I'm using a snippet i found on stackexchange that finds all url's in a string, using re.findall(). It works perfectly, however to further my knowledge I would like to know how exactly it works. The code is as follows-
re.findall('http[s]?://(?:[a-zA-Z]|[0-9]|[$-_@.&+]|[!*\(\),]|(?:%[0-9a-fA-F][0-9a-fA-F]))+', site)
As far as i understand, its finding all strings starting with http or https (is that why the [s] is in square brackets?) but I'm not really sure about all the stuff after- the (?:[etc etc etc]))+. I think the stuff in the square brackets eg. [a-zA-Z] is meaning all letters from a to z caps or not, but what about the rest of the stuff? And how is it working to only get the url and not random string at the end of the url?
Thanks in advance :)
Using this link you can get your regex explained: Your regex explained
To add a bit more:
[s]? means "an optional 's' character" but that's because of the ? not of the brackets [I think they are superfluous.

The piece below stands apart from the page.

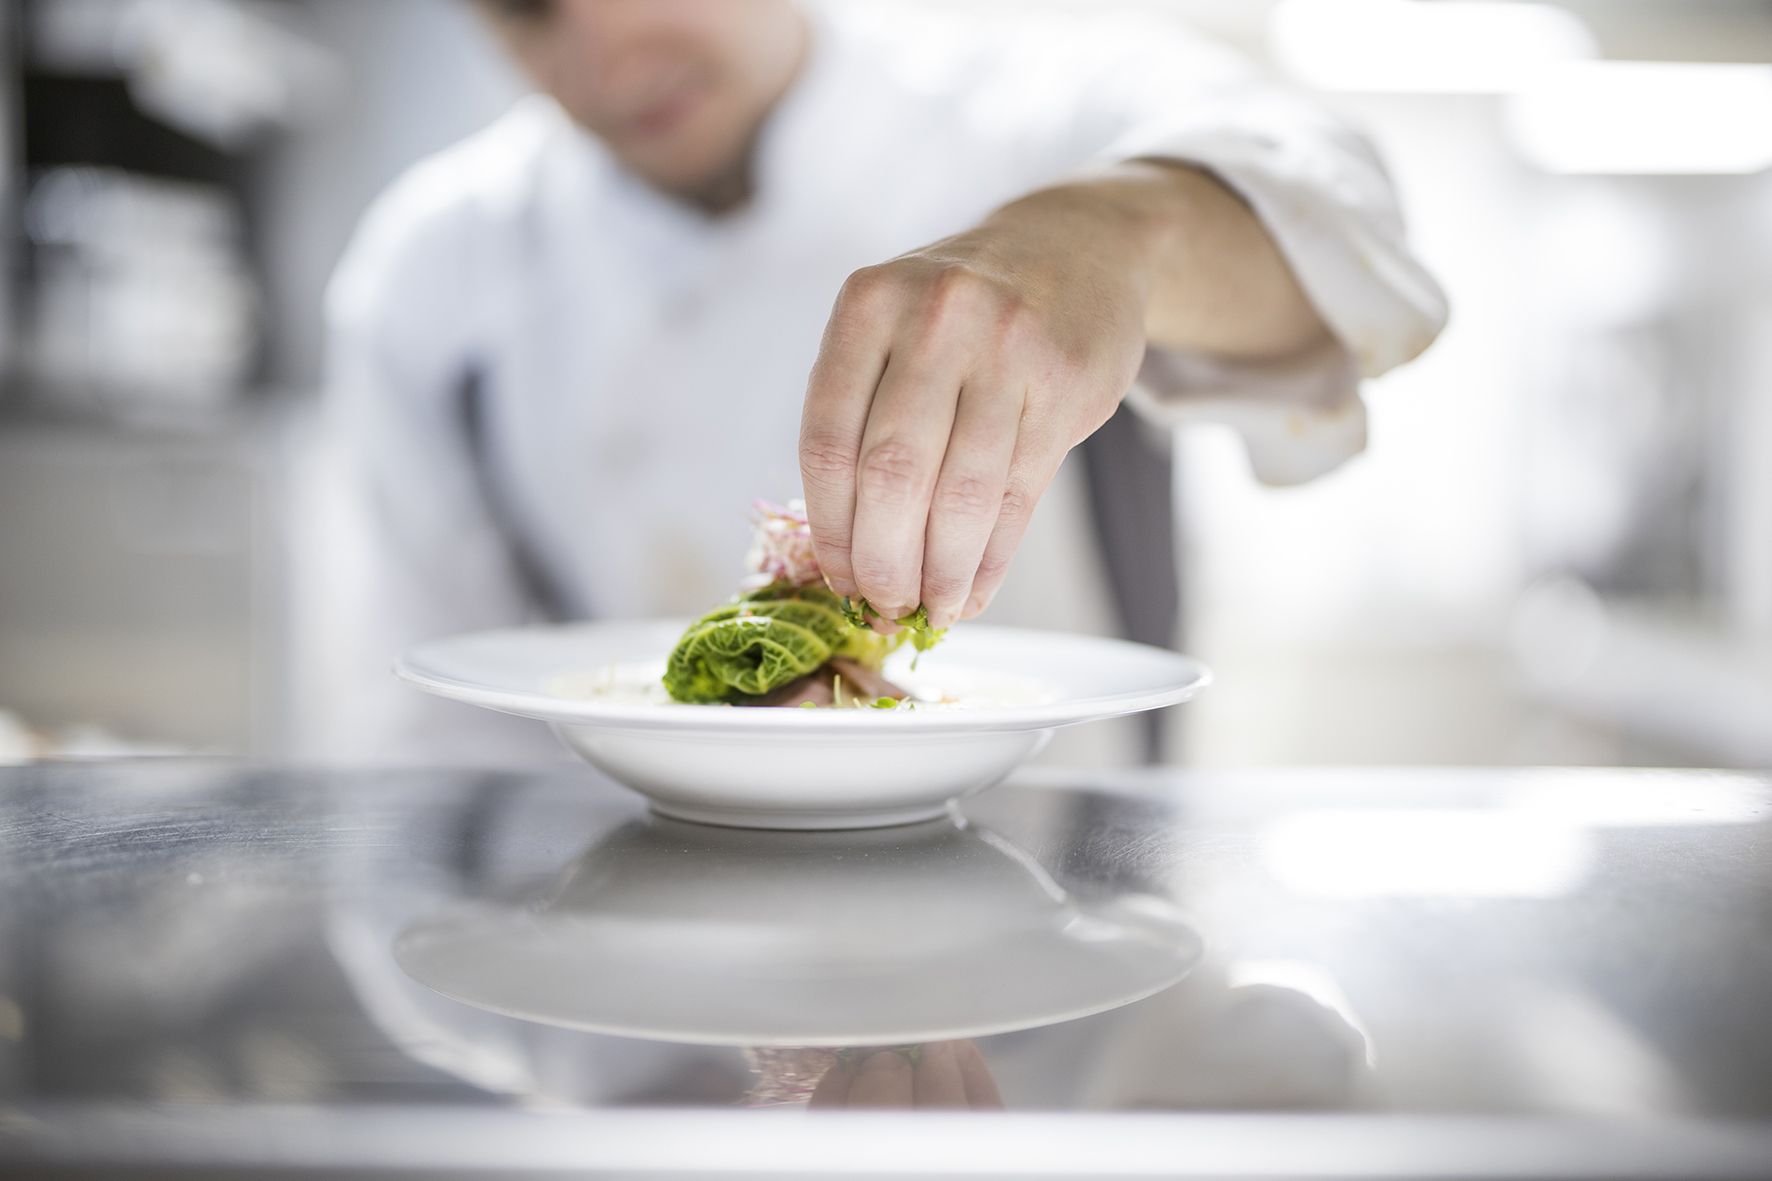 A chef sprinkles herbs over an arranged dish in a round plate.
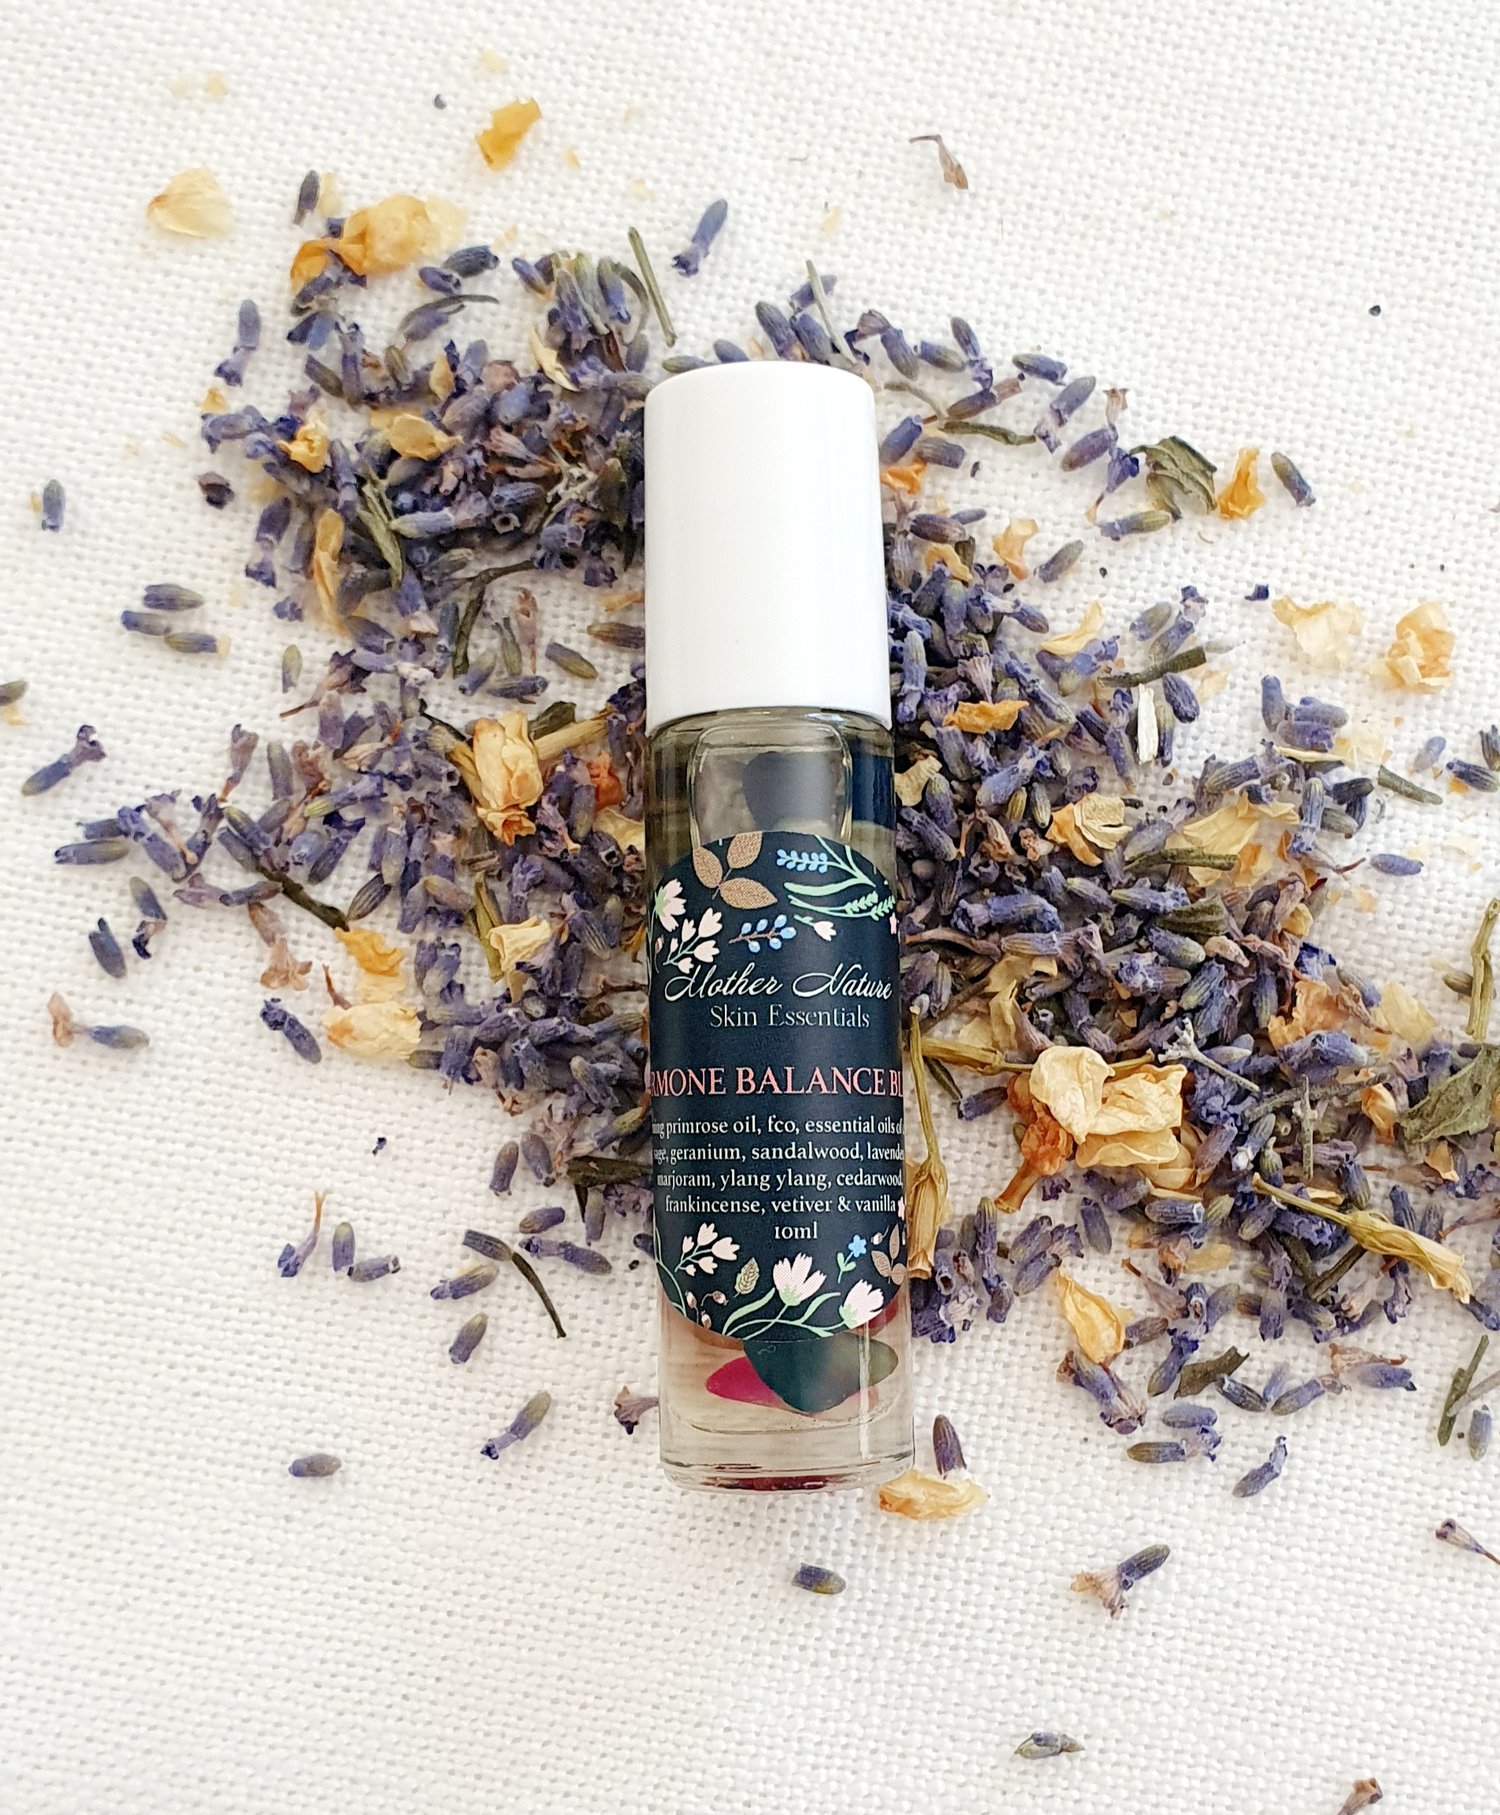 Balance Roll On Essential Healing Oil

Space isn't one of the accepted characters so it would stop there indeed. Same for '/'. It is not literally mentioned nor is it part of the character range $-_ (see http://www.asciitable.com/index/asciifull.gif).
(?:%[0-9a-fA-F][0-9a-fA-F]) this matches hexadecimal character codes in URLs e.g. %2f for the '/' character.
A non-capturing group means that the group is matched but that the resulting match is not stored in the regex return value, i.e. you cannot extract that matching bit of the string after the regex has been run against your string.